Likewise, the discipline of writing an essay forces a writer to organise a series of thoughts into a coherent form. I am convinced that many sermons and talks which we perceive as ‘boring’ or ‘dull’, are actually just poorly organised. If one cannot discern a logical progression in the speaker’s ideas, if one cannot understand why a particular section followed upon the back of the previous section, then one inevitably comes away befuddled, confused, and desperately bored. Essay writing helps cure this by forcing the writer to attend carefully to transitions, to logical links, and to the overall shape of the final product.

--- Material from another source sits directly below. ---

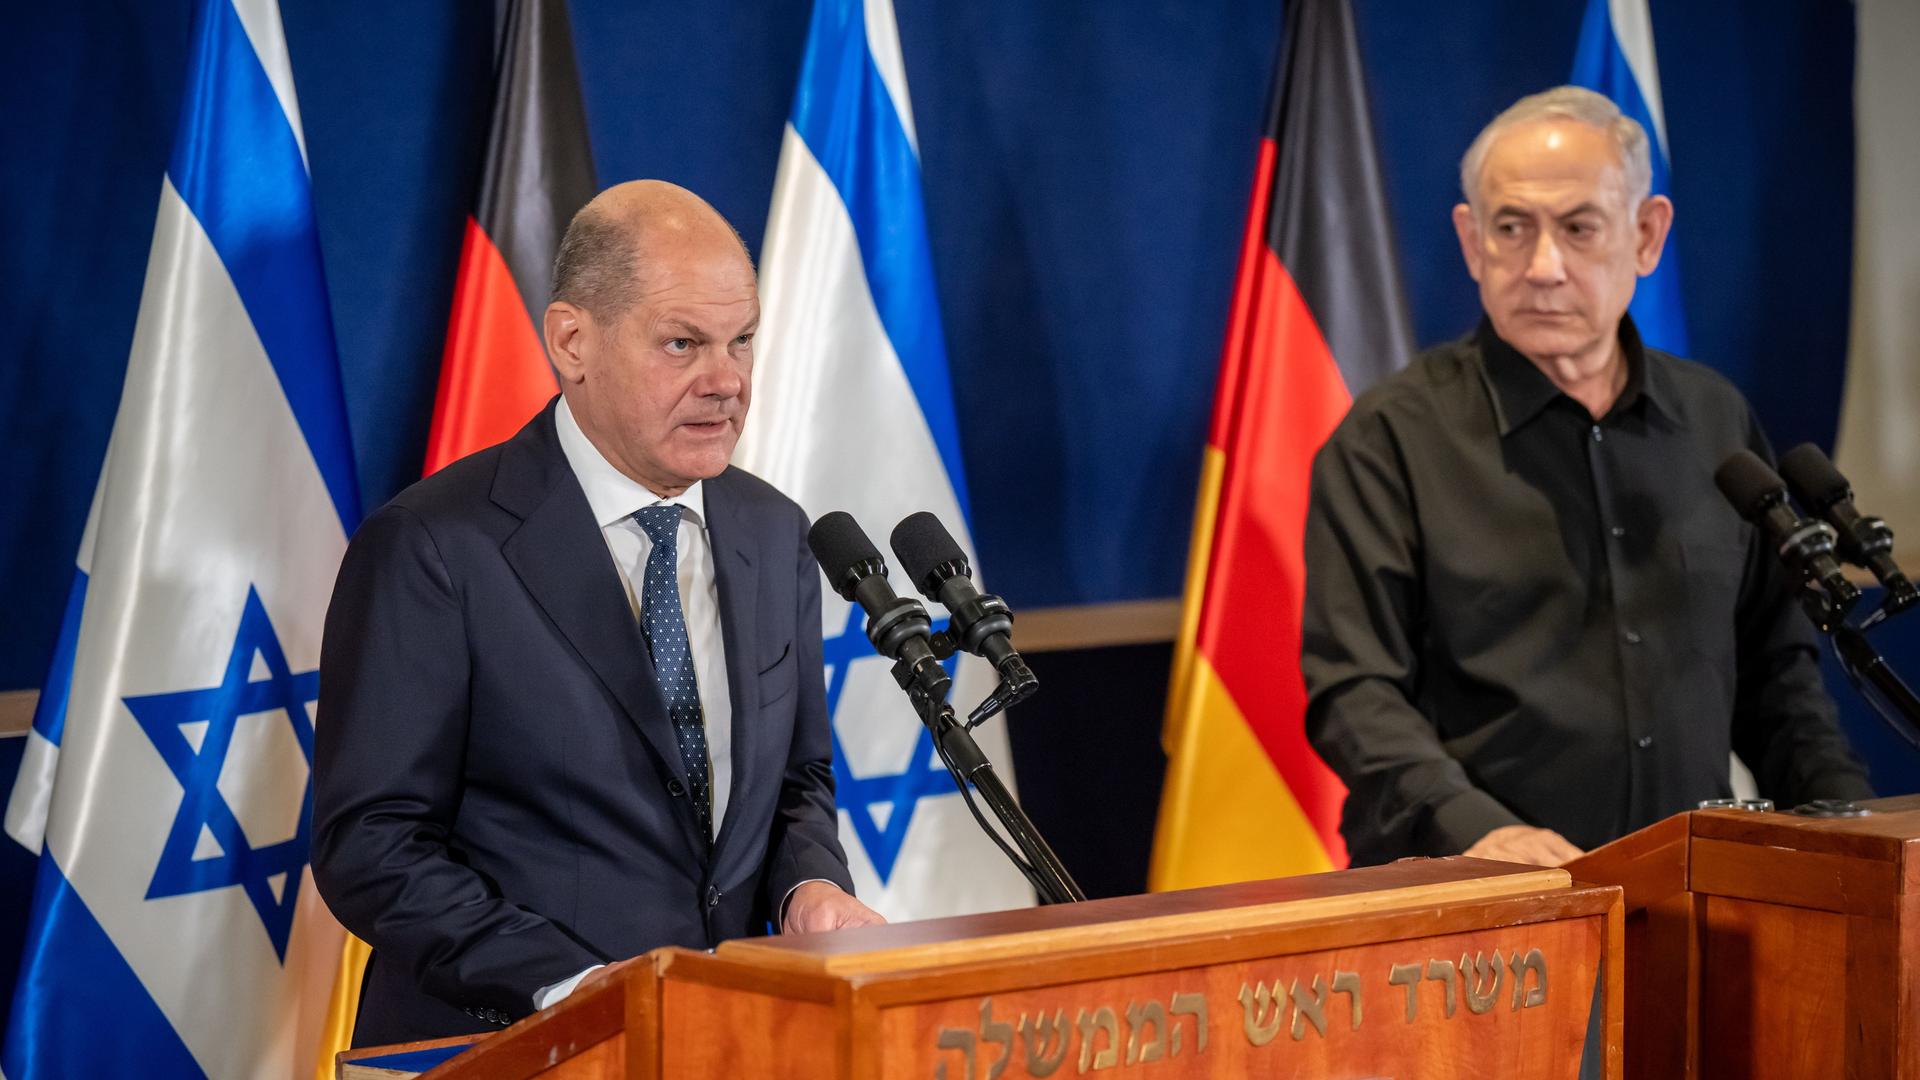 Die beiden stehen an hölzernen Rednerpulten vor den Flaggen ihrer Länder. Scholz sagte gerade etwas; Netanjahu sieht ihn an.

In these and other ways, it is the act of essay writing itself that builds the writer’s mental fitness. We could add that writing an essay broadens one’s perspective by forcing the writer to cite and engage with a range of views.2 Essay writing develops one’s vocabulary, demanding careful attention to the range of words available and their various shades of meaning. Essay writing helps cultivate a sense of proportion, balance, and coherence. The list could go on, but the point remains the same: though it is not the only worthwhile form of assessment, the academic essay helps to cultivate habits of mind that are essential for the sort of effective communication that lies at the heart of effective ministry. And, for that reason, it seems like academic essays at Oak Hill College are here to stay, and that we all will be the better for it.

1. Edmund S. Morgan, ‘Cultivating Surprise’ Huntington Frontiers (Spring/Summer 2005), 7.

2. The footnote deserves far more praise than it typically receives. Its thoughtful deployment fosters a sense of care, precision, and attention to detail that will serve its users well across a range of contexts. Moreover, one might even be so bold as to argue that footnotes help us develop Christian virtues, as the one who deploys them demonstrates humility in acknowledging the work of others, charity in accurately documenting their arguments, and courage in allowing readers to hold up the author’s representation of a position against the original. For more on this exciting yet oft-neglected topic, see, Anthony Grafton, The Footnote: A Curious History (Cambridge, MA: Harvard University Press, 1999).